There was nothing in the paper about last night's hijacking, nothing about the raid on Peak Murry's joint.

I went out after dark. I wanted to get in touch with Reno. From a drug store I phoned Peak Murry's pool room. 'Is Peak there?' I asked.

'This is Peak,' said a voice that didn't sound anything at all like his. 'Who's talking?'

I said disgustedly, 'This is Lillian Gish,' hung up the receiver, and removed myself from the neighborhood.

I gave up the idea of finding Reno and decided to go calling on my client, old Elihu, and try to blackjack him into good behavior with the love letters he had written Dinah Brand, and which I had stolen from Dawn's remains.

I walked, keeping to the darker side of the darkest streets. It was a fairly long walk for a man who sneers at exercise. By the time I reached Willsson's block I was in bad enough humor to be in good shape for the sort of interviews he and I usually had.
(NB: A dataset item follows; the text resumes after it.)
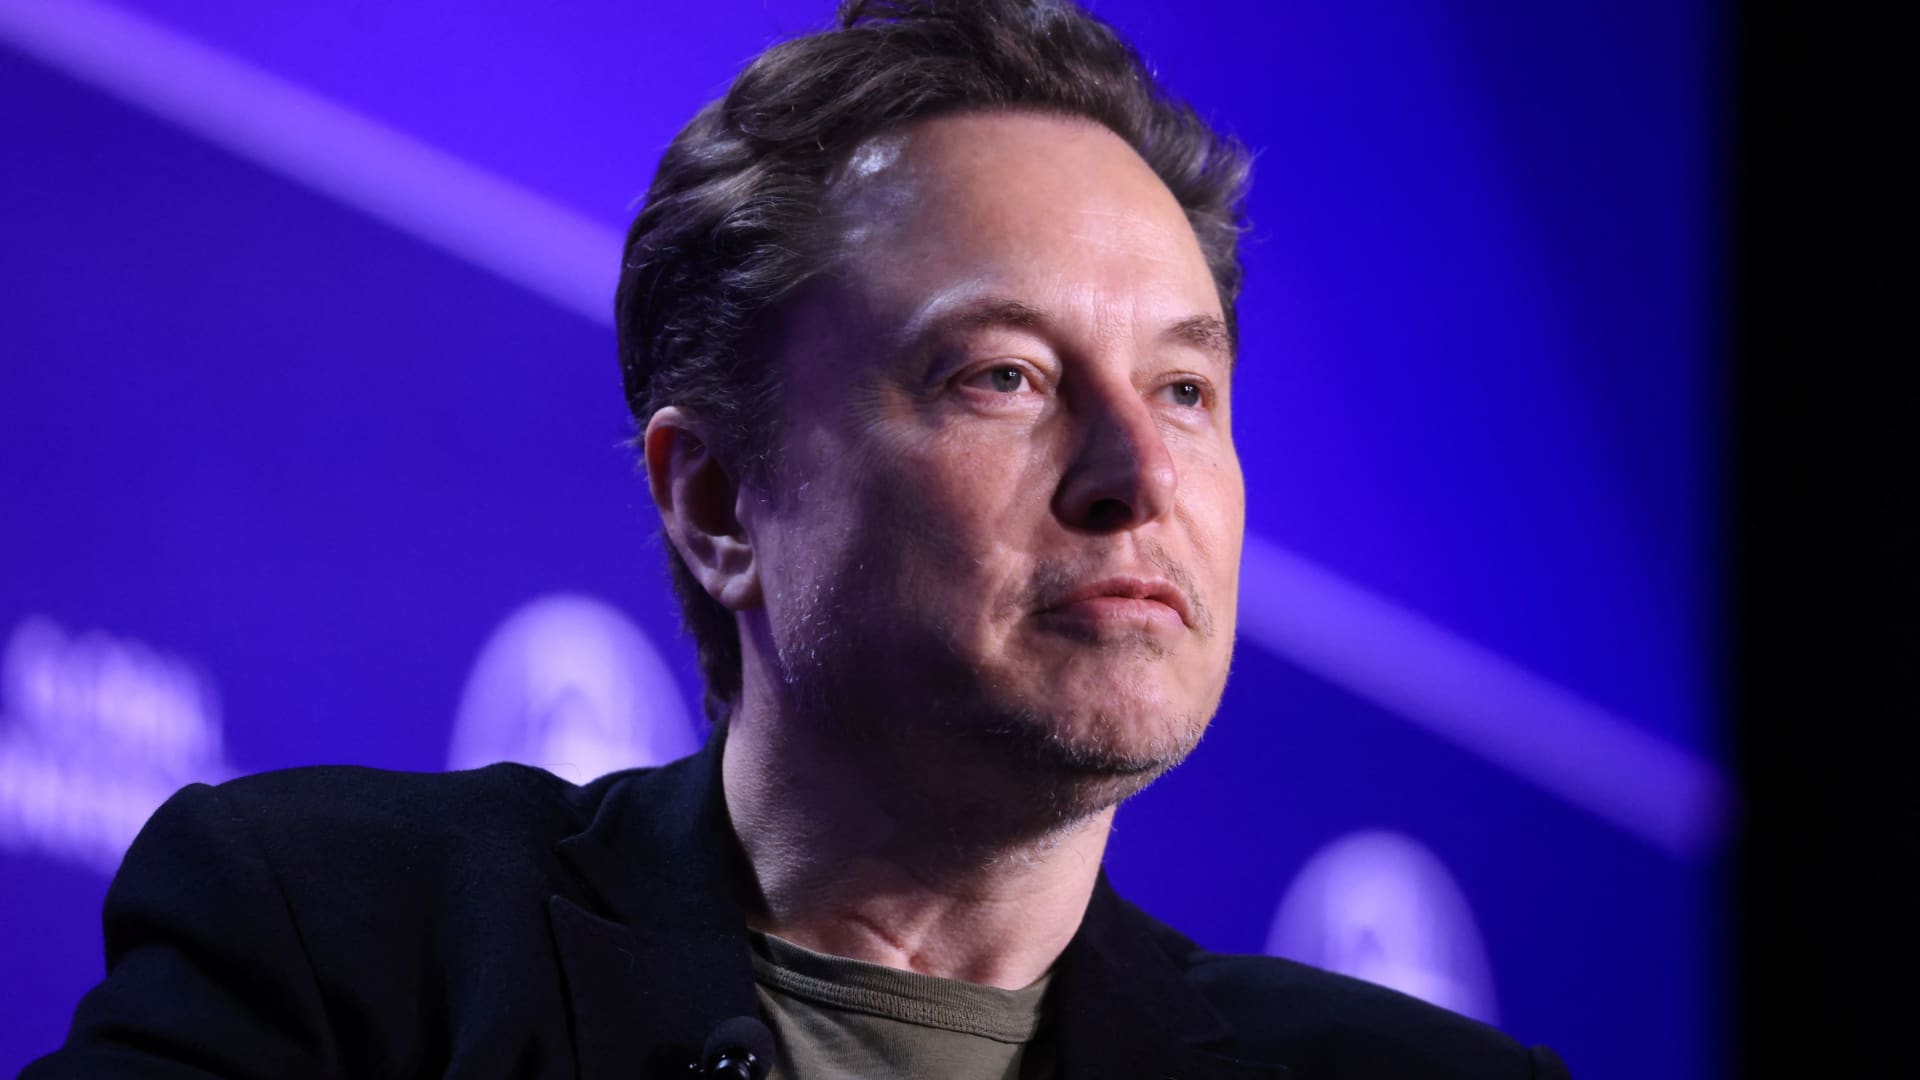 Tesla shareholder vote on Musk's pay plan won't resolve 'legal disputes'

But I wasn't to see him for a little while yet.

I was two pavements from my destination when somebody S-s-s-s-s'd at me.

I probably didn't jump twenty feet.

''S all right,' a voice whispered.

It was dark there. Peeping out under my bush--I was on my hands and knees in somebody's front yard--I could make out the form of a man crouching close to a hedge, on my side of it.

My gun was in my hand now. There was no special reason why I shouldn't take his word for it that it was all right.

I got up off my knees and went to him. When I got close enough I recognized him as one of the men who had let me into the Ronney Street house the day before.

I sat on my heels beside him and asked:

'Where'll I find Reno? Hank O'Marra said he wanted to see me.'

'He does that. Know where Kid McLeod's place is at?'

'No.'

'It's on Martin Street above King, corner the alley. Ask for the Kid. Co back that-away three blocks, and then down. You can't miss it.'

I said I'd try not to, and left him crouching behind his hedge, watching my client's place, waiting, I guessed, for a shot at Pete the Finn, Whisper, or any of Reno's other unfriends who might happen to call on old Elihu.

Following directions, I came to a soft drink and rummy establishment with red and yellow paint all over it. Inside I asked for Kid McLeod. I was taken into a back room, where a fat man with a dirty collar, a lot of gold teeth, and only one ear, admitted he was McLeod.

'Reno sent for me,' I said. 'Where'll I find him?'

'And who does that make you?' he asked.

I told him who I was. He went out without saying anything. I waited ten minutes. He brought a boy back with him, a kid of fifteen or so with a vacant expression on a pimply red face.

'Go with Sonny,' Kid McLeod told me.

I followed the boy out a side door, down two blocks of back street, across a sandy lot, through a ragged gate, and up to the back door of a frame house.